Due to data migration from RDBMS (oracle/teradata) to HDFS (HIVE) the requirement is to compare full data set from RDBMS to HIVE data set, I understand that bring huge data from RDBMS/HIVE is a big network overhead but that is the requirement, I have developed a basic java framework in eclipse which will take source and target queries (with limited rows) and do a side by side comparison by fetching RDBMS and HIVE resulsets however to make it a more comprehensive validation I have to compare the keys of both the systems and check for duplicates in both the system, here are the things i tried till now:
Initialised two HashMaps one for RDBMS and one for HIVE then took PK as key and non-key attributes in a arraylist as value. Now with two hashmaps tried to compare the keys/values between it.

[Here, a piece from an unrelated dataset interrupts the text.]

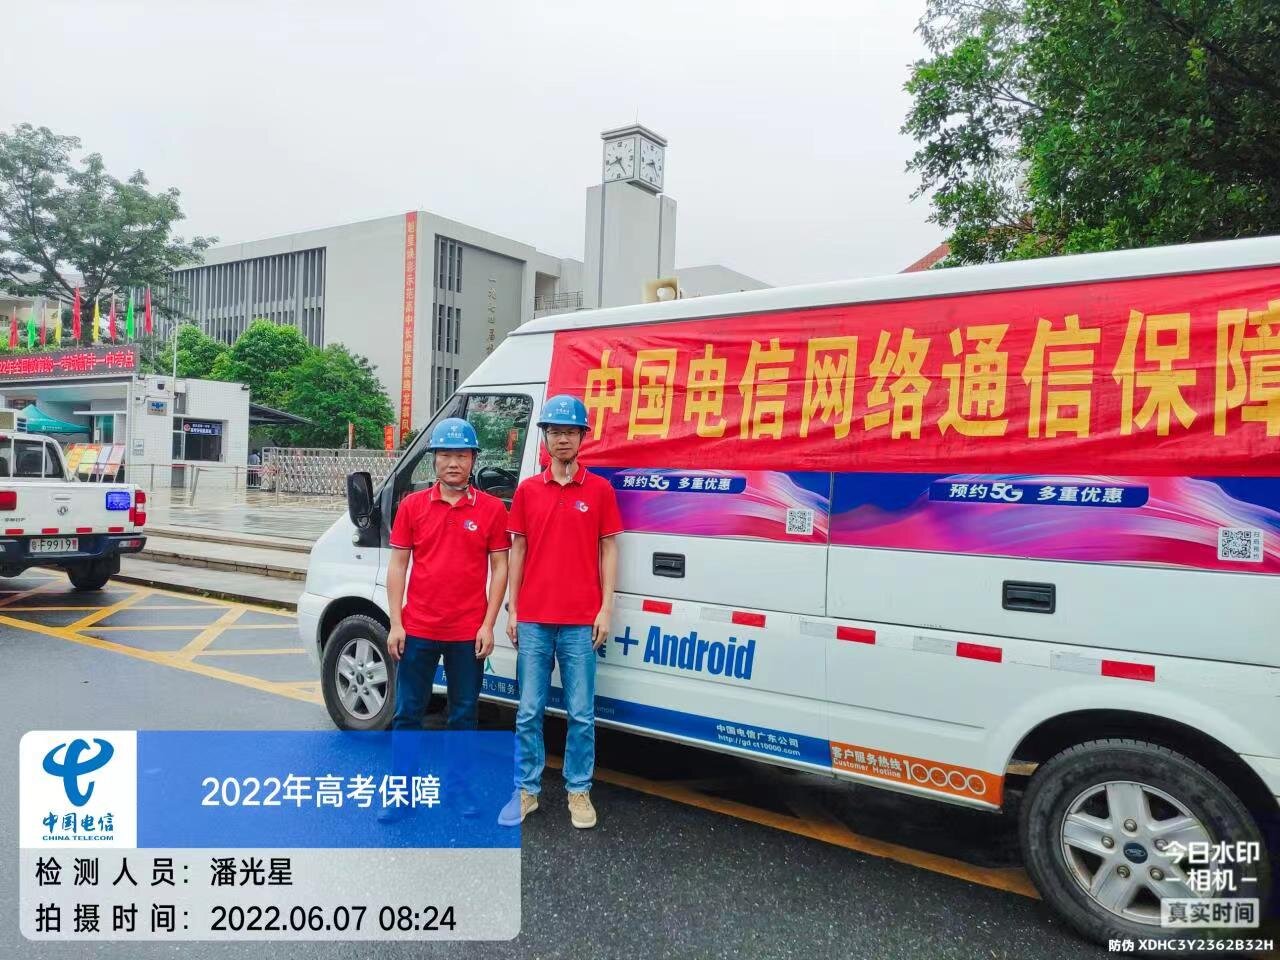 2022年70.2万考生！中国电信为广东高考学子保驾护航插图

But loading two resultsets and hashmaps in RAM would degrade the performance.
Tried to use REDIS in-memory database for storing Key/Value pairs however as I am trying to access REDIS through Java program not sure how to use REDIS hashmaps/hashsets the way we use in JAVA.
- Wrote the resultsets into two different text files but writing the file and reading/processing is time consuming.
For the fetching part of the data from RDBMS I have done things mentioned here and here I guess there maybe some tool for this job but am trying to develop something in opensource.